No, the difficulty lies in getting our own will out of the way. Every moment of every day we are assailed with thoughts and impulses which rush into our minds. These thoughts and impulses usually come in one of two guises. One is fear and the other is pleasure. We think of something that we are afraid of or worried about, and our immediate reaction is to forget what God is willing us to do at that moment and go off and do our own thing. Or we think of something we would like to do, and exactly the same thing happens.
Neither the actions resulting from fear nor from pleasure are necessarily sins. In fact they may on the face of it be spiritual or holy things. The point is not that they are bad in themselves, but that they take us away from the “one thing necessary” - the doing of God’s will at precisely this point in time.
Now as they went on their way, he entered a certain village, where a woman named Martha welcomed him into her home. She had a sister named Mary, who sat at the Lord’s feet and listened to what he was saying.
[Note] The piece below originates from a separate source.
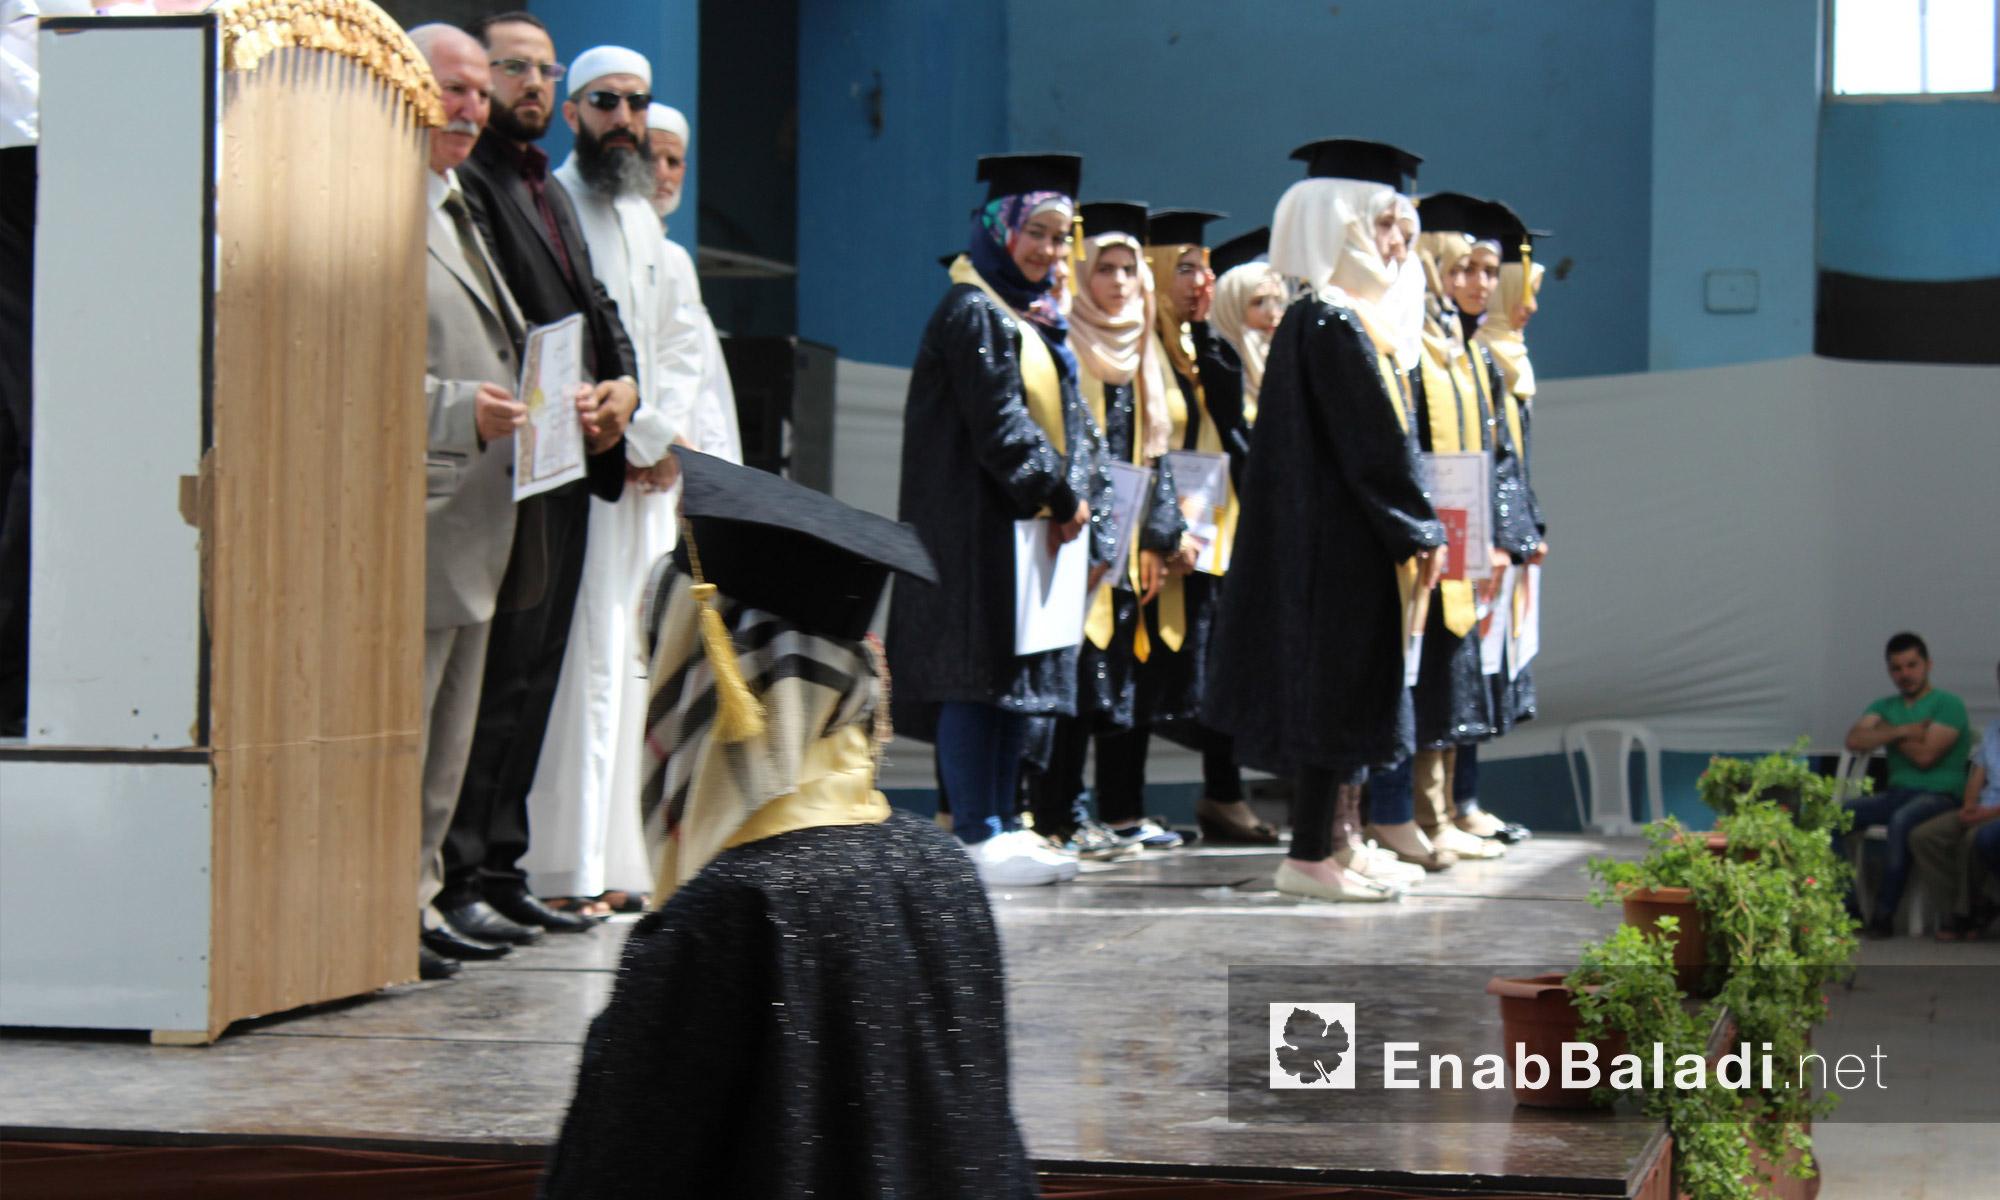 """من حفل تكريم طلاب مجموعة """"علمني"""" التعليمية في حي الوعر المحاصر بحمص - الاثنين 25 تموز (عنب بلدي)"""

But Martha was distracted by her many tasks; so she came to him and asked, “Lord, do you not care that my sister has left me to do all the work by myself? Tell her then to help me.” But the Lord answered her, “Martha, Martha, you are worried and distracted by many things; there is need of only one thing. Mary has chosen the better part, which will not be taken away from her” (Luke 10:38-42).
There was nothing wrong about the work that Martha was doing in itself and indeed it would have been the right thing to do in its place. It’s just that at that particular moment the right thing to be doing was to be listening to what Jesus was saying. And notice that, not only was Martha missing out on the blessing of that moment, she was also resenting that her sister wasn’t missing it!